Second, my take: I mean, a propos of David’s, Paul’s, and Dan’s comments, it sure sounds to me like she’s coming from an intuition rooted in the utterly mathematically valid point of view that “how many lines?” means “how many equivalence classes of lines under the symmetries of the figure?” By this count, 1 for a regular n-gon with n odd, and 2 if n even, as Paul observed. And 1 for a circle. This is every bit as coherent as actually counting the lines. (And in some contexts, perhaps more interesting – for example in the tessellation in this Escher print, counting the actual centers of rotation is not that compelling – clearly there are infinitely many – but counting the classes of centers of rotation under symmetries of the tessellation is a real question and the answer is a small finite number.)

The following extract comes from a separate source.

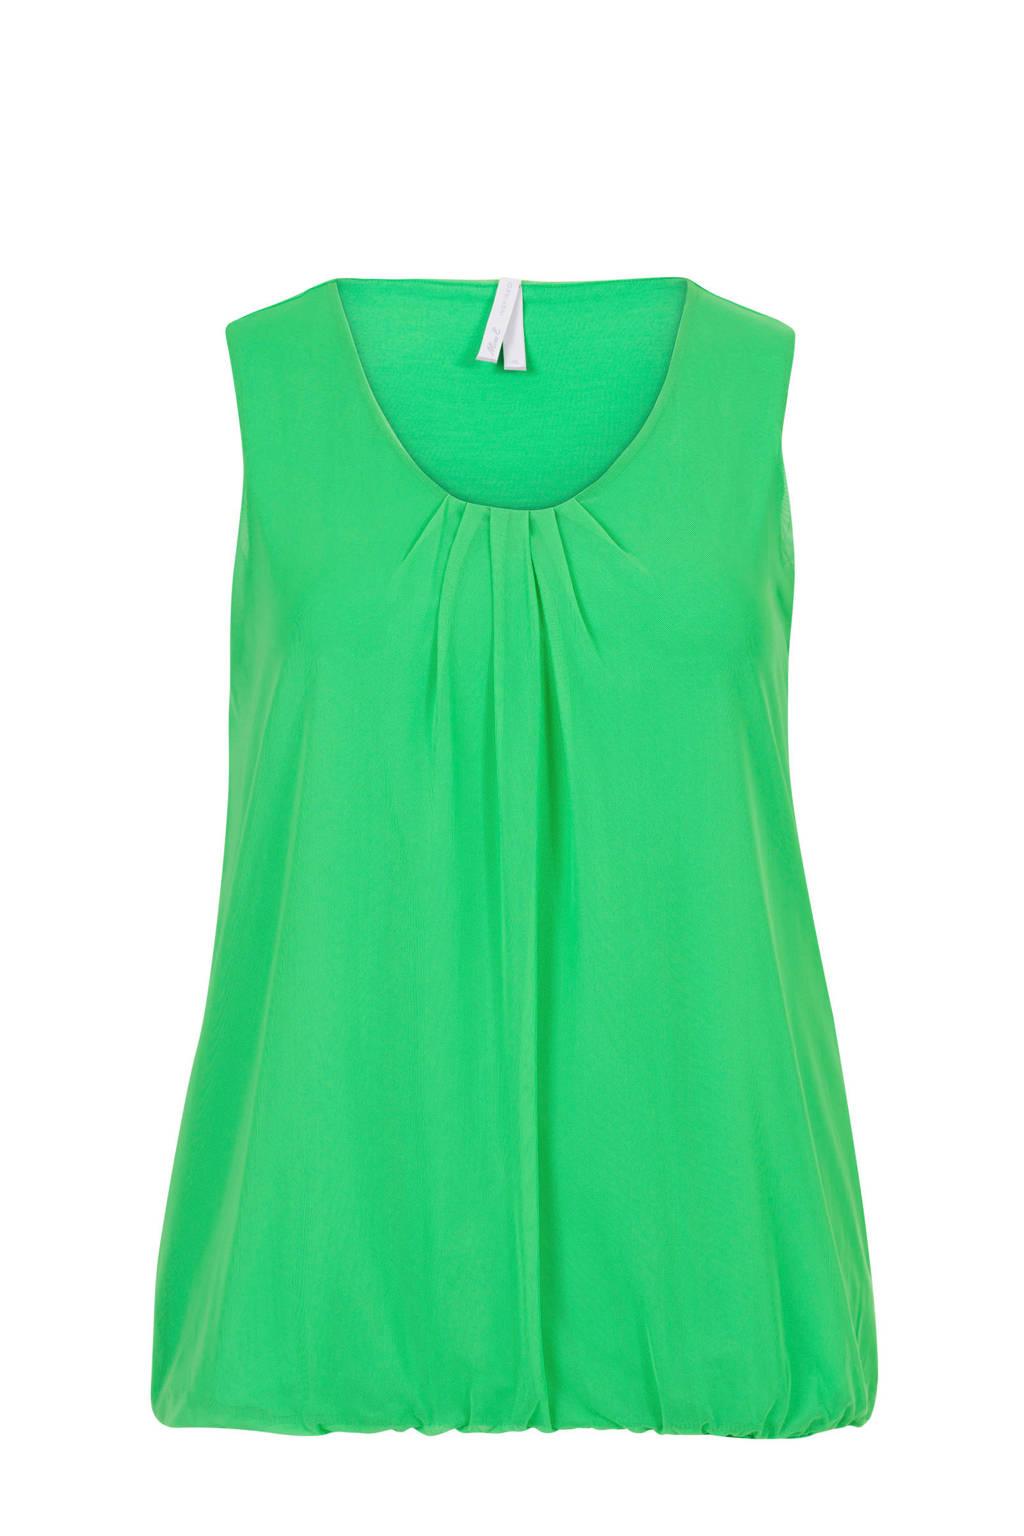 Miss Etam Plus mouwloze top groen, Groen

Then the question becomes why she didn’t apply the same standard to the hexagon and circle. I mean she’s a kid, nobody expects her to be 100% logically consistent all the time, that’s not what I mean. I just mean, why did the intuition about the several lines being “different… on the page” but yet really the same only first come up for her with the pentagon and not with the earlier figures? Here I think maybe Spencer’s and Kay’s analyses sheds light: if the visibility of the line of symmetry depended on its vertical orientation, then the other lines of symmetry are sort of invisible until the figure has been rotated – but the rotation calls attention to (in fact, is the essence of) the sense in which they are “the same.” If it was possible for Annie to see the various lines of symmetry of the hexagon and circle without the rotation, then it might not have come onto her screen that this sense of sameness would unify some of them. This makes me wonder (like Spencer) what she would have done with an equilateral triangle, but even more so also wonder if her views on the hexagon would have changed after her encounter with the pentagon (now that she has developed this sameness idea).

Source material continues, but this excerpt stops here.